Daha önceki zamanlarda Yves Rocher, Nivea gibi birkaç makyaj temizleyicisi daha denediğimi de hatırlayınca, uzun vadede yola Bioderma ve zaman zaman da Garnier ile devam edeceğim sonucuna varıyorum.

**Loreal`in yeni çıkardığı 3 etkili makyaj temizleme suyunu da denedim, onu da ekleseymişim keşke bu listeye ama unutmuşum. Onu ben hiç beğenmedim nedense. Temizleme performansında pek sıkıntı olmasa da, yüzümde hafiften yapışak bir his bıraktı. 1 kutuyu zor biteceğim sanırım.

4 Mart 2014

MAC // Creme in Your Coffe Ruj

Bir önceki yazının ardından bu MAC yazısı biraz manidar oldu sanki :) ama o yazının ana fikri, pahalı kozmetikleri almayın değil, sadece beklentinizi çok yükseltmeyindi. Bu beklentinin fazla yüksek olmaması gerektiğini bildiğimden, çok fazla MAC ruj almışlığım yoktur ama bazen karşı koyamayacağım renkler olmuyor değil.

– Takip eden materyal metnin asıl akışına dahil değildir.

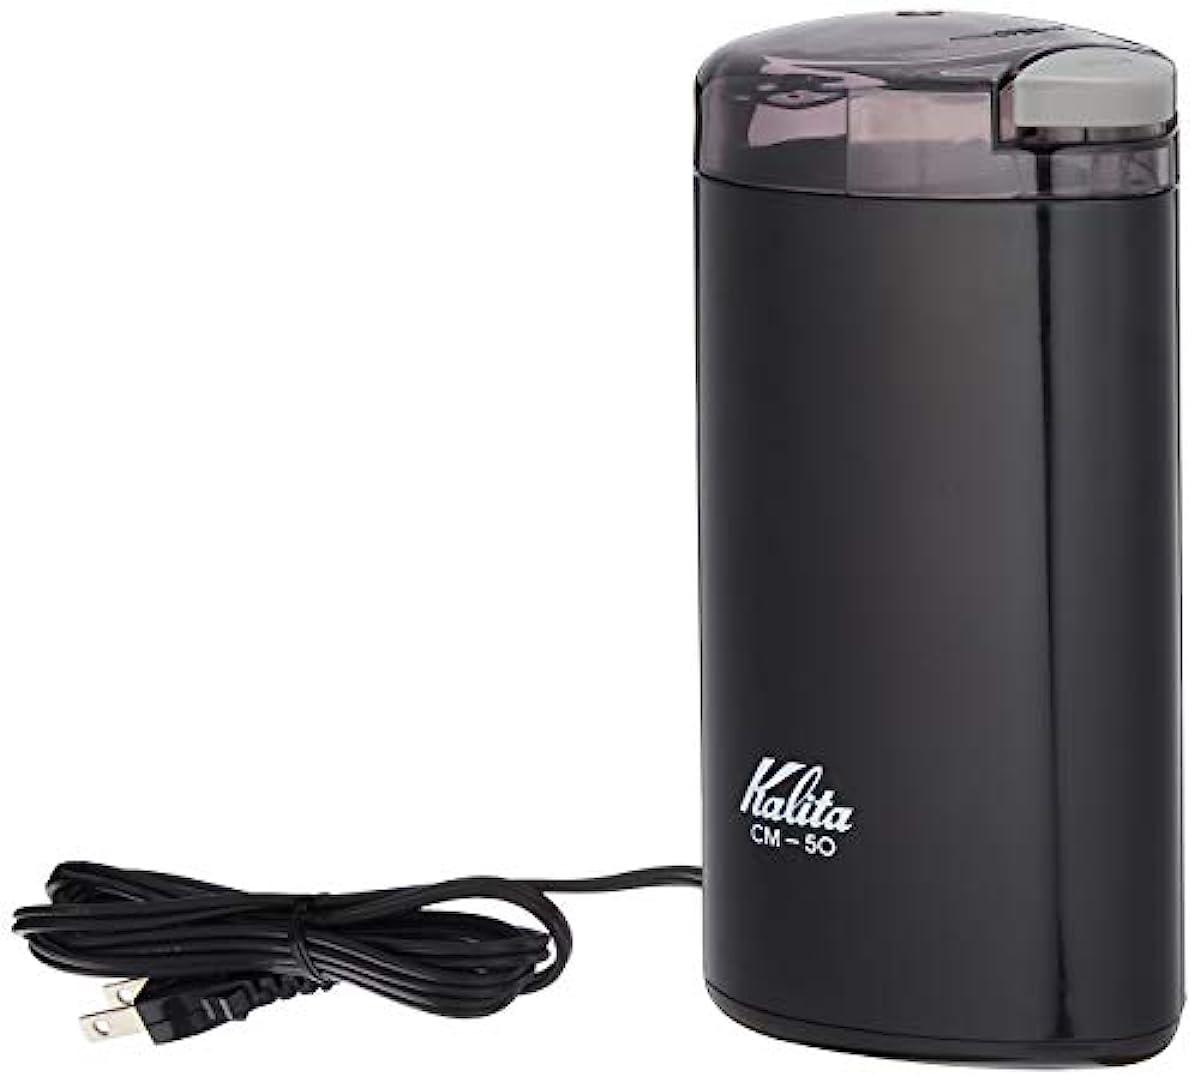 [해외] KALITA 전동 커피 밀 CM-50 (블랙)

Bir sürü renk olan MAC ruj standında bir baktığım rengi bir daha bulamam aslında ama bu renge üst süte birkaç sefer elim gitti farkında olmadan. Öyle olunca da daha fazla düşünmeden almak istedim. Cremesheen serisinden Creme in Your Coffe ismine ayrına ayrıca bayıldığımı da belirtmek isterim. 


Rengi günlük kullanıma uydun, tam olarak fotoğraflarda görüldüğü gibi. Pembe alt tonlu diye tanımlamışlar ama değil bana göre. Genelde kahverengi diye adlandırılan rujlardan uzak durmama rağmen, bunu çok severek ve çok rahat kullanıyorum. Çok koyu durmuyor. 


Sürümü ve yapısı da oldukça güzel. Kremsi yumuşak bir yapıda ve parlak bitişli. Yapış yapış ya da ıslak bir hissiyat bırakmıyor. Tek olumsuz yanı kalıcılığının düşük olması sanırım. Hiçbir şey içmezsem 1,5-2 saat kadar kalıyor. Ben mat seriden rujlara alışkın olduğum için bana çok kısa geldi. Bu serinin matlar kadar kalıcı olmayacağını bildiğim halde, rengine dayanamadığım için aldım. 


Ruj renkleri konusunda çok çığır açamıyorsanız, benim gibi benzer doğal pembeler etrafında dönüp duruyorsanız sürekli, bu doğal kahverengine de mutlaka bir bakın derim. Verdiğim paraya üzülmediğim, bitene kadar sıkılmadan kullanacağım bir ruj oldu benim için.